The garage was empty. Seeking to secure as much secrecy as possible, Westhoff 
ordered the cars parked in the shadowed drive. Then, at pistol point, he drove 
us into the house.
It was empty. My father, who assisted Anna in completing her experiments, was 
not home. We snapped on the lights. My garish choice of furniture, Bohemian and 
loud, became embarrassingly obvious. Westhoff and De Saynter sneered.
"Decadence," remarked the former. "Useless luxury. The people must be made to do 
without. We need strong men and strong women, simple men and women. The old 
virtues of self-denial and fortitude must come back. This barbaric comfort must 
go."
"Somehow, that doesn't fit into my conception of an age of atomic power," I 
remarked off-handedly.
"Not too hasty, not too rash, Gunther," breathed De Saynter. "These people are 
friends. They must be treated as friends. Please do not begin by criticising 
their tastes in furniture. Or betraying the program of the party," he said 
suddenly and viciously.
Westhoff winced.
"Let us proceed," continued De Saynter. "Up those stairs and through the door. I 
know about this house. I once worked here, did I not, Miss Campbell?"

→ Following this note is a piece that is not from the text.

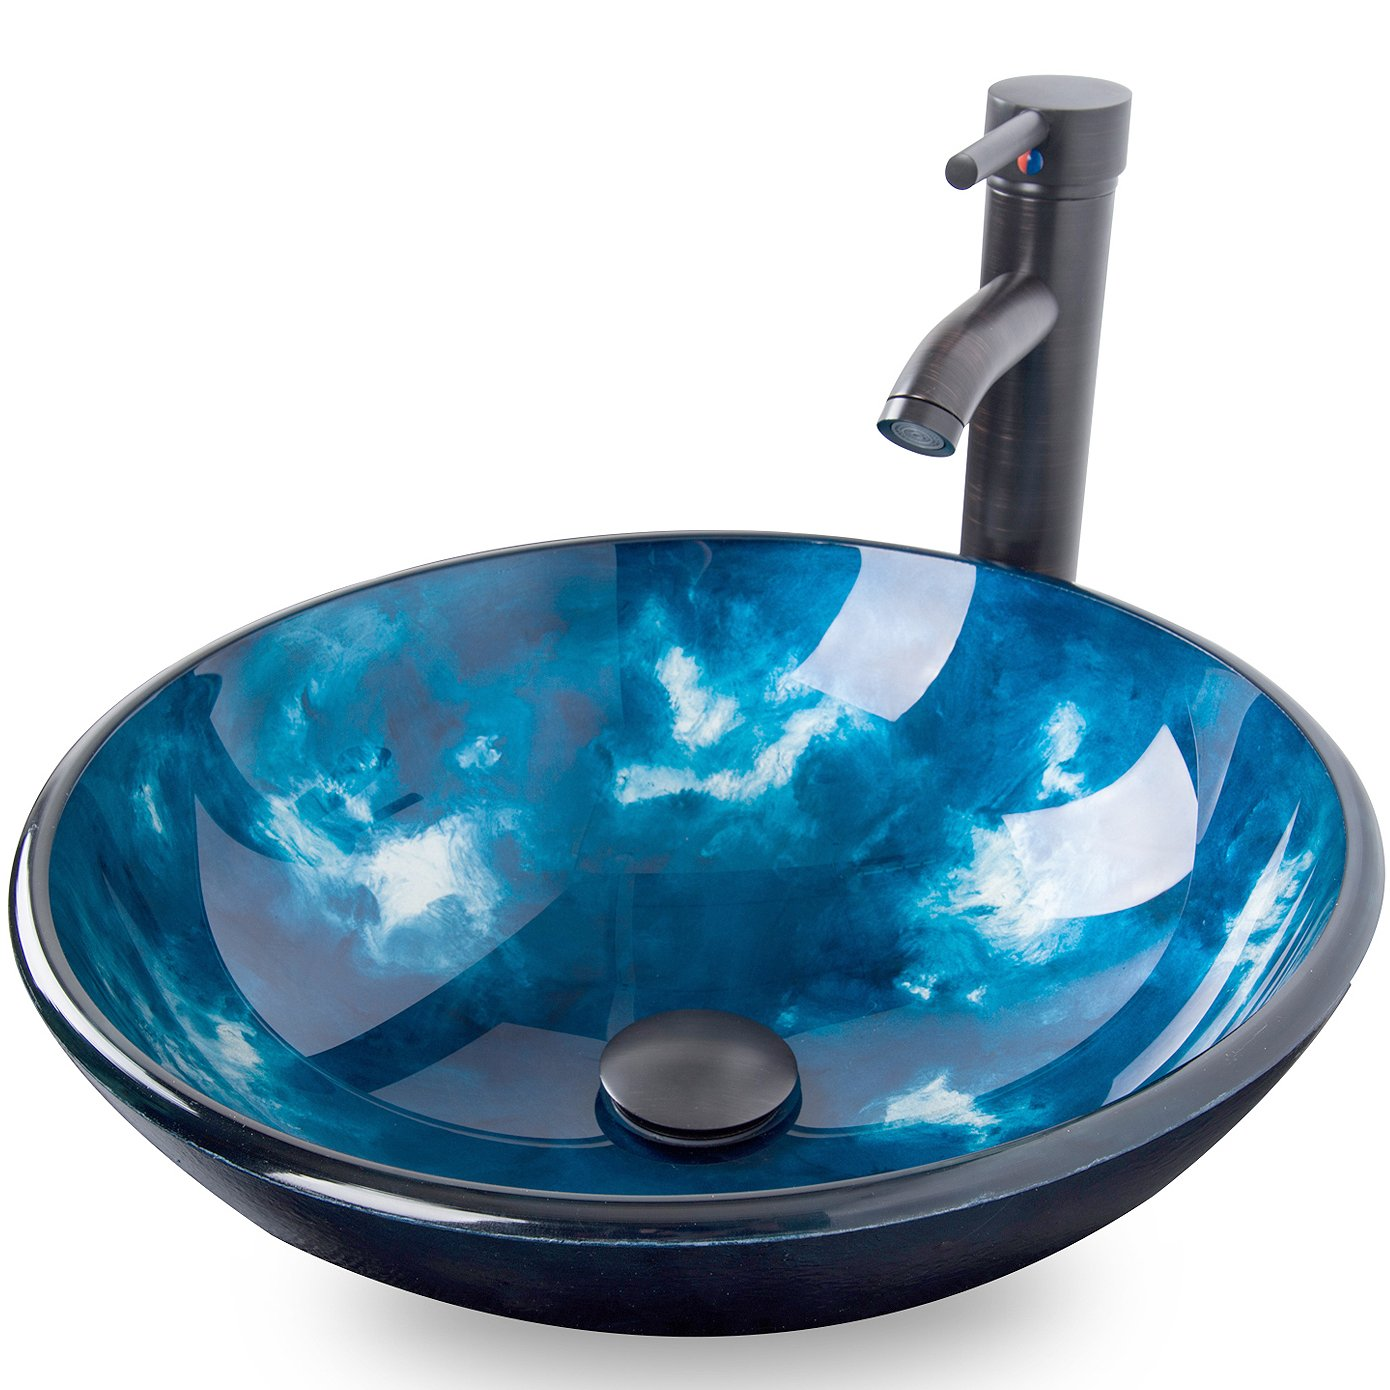 4. Elecwish Bathroom Artistic Glass Vessel Sink
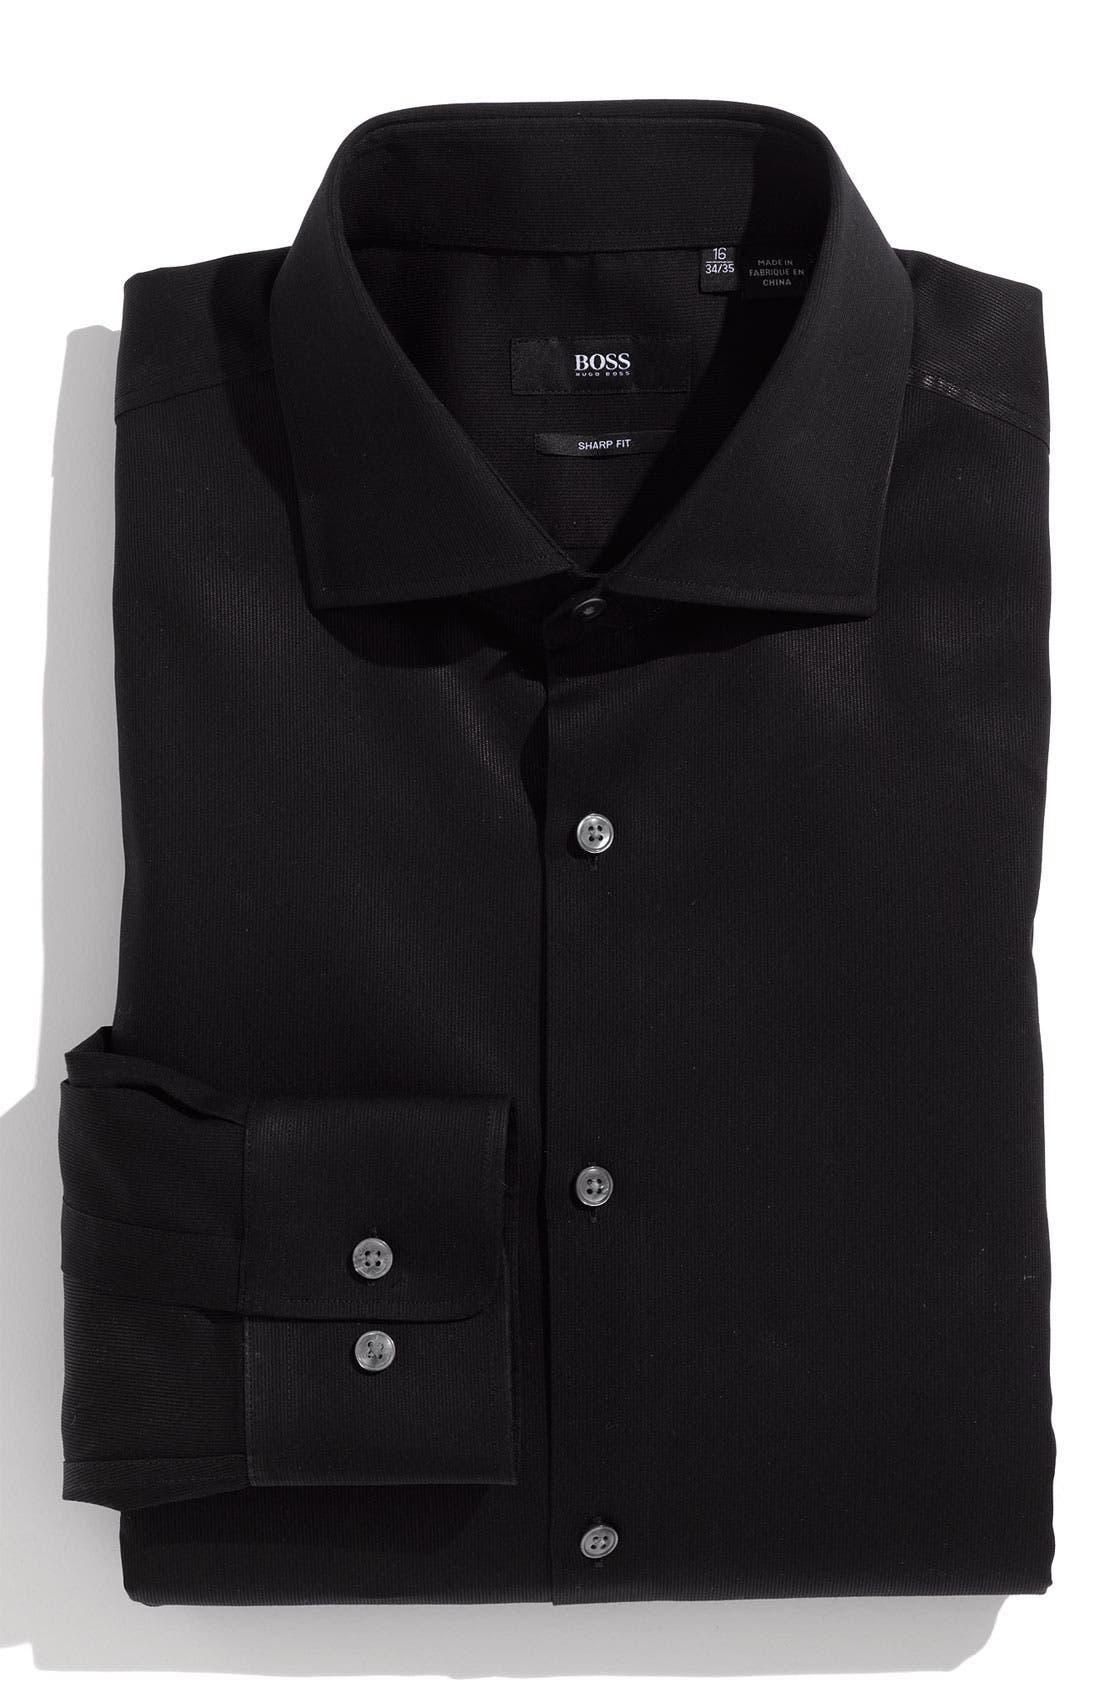 Main Image - BOSS HUGO BOSS 'Miles' Sharp Fit Tonal Stripe Cotton Dress Shirt

Anna, who was staggering wearily up the steps, nodded. Her eyes, hopeless, saw 
nothing.
We passed through the door to the big laboratory.
EVERY TIME I'd been there in the past, I was amazed at the power of the 
machinery Anna put together with her two capable hands. I had seen it many times 
before. But now, the scene took on added significance. Westhoff was affected 
visibly. The array of metal, glass and insulation puzzled him. And the guards 
glanced uneasily about. Out of their party uniforms, they were not so brave or 
assured.
De Saynter made an exclamation of pleasure.
"Ah, I see that you have completed the magnetic reflector, Miss Campbell. I was 
about to suggest that particular method when you discharged me. The wiring is 
very workmanlike."
His eyes wandered caressingly over the apparatus. In them now was something more 
than the greed for power. But it did not last very long. Presently he turned to 
us again.
"Perhaps you have been wondering why I have not built this machine myself. I 
bow, Anna Campbell, to your superior technical knowledge. Even the best of the 
European experts--or the American, for that matter, have not gone a tenth as far 
as have you, here. You have the ability to foresee difficulties and overcome 
them before they arise. I, in my stumbling way, could, perhaps do as well in 
time. But there is no time now."
Westhoff seated himself at a switch-board, uneasily. His hands wandered idly 
over switches and levers.
"Verboten, fuehrer," said De Saynter, gently. Westhoff snatched his hands away, 
abashed.
De Saynter gestured to the two guards who had followed us upstairs. Side arms 
drawn, they stood against the door.
"Well, shall we get on?" grumbled the tall Nazi.
"Patience, fuehrer. Nothing can be accomplished by sheer haste. Do you imagine 
that this girl is going to give us the knowledge we seek without a corresponding 
value being placed in her hands? No, she will not. Anna," he said suddenly, "I 
think we both understand each other. We need information you possess. I am aware 
that only the most extreme torture could force you to reveal what we want to 
know. Such a procedure would be distasteful to me. I am not a barbarian. I am 
prepared, therefore, to offer you a cold business deal. Here," he said, 
indicating, with a sweep of his arm, the atom-smashing apparatus, "we have 
power. Dead power. It has little meaning once it has accomplished its task. In 
human relations, only personal power has any meaning. All other power is merely 
a means to that end."
Anna sneered.
"What are you going to offer me? The queenship of the American Empire? Sorry, De 
Saynter, but it's a bit old-fashioned."
"lt is a bit thick, you know," I said, chuckling. "Why don't you stop being so 
damned old-hat?"
Westhoff snarled, but De Saynter merely smiled.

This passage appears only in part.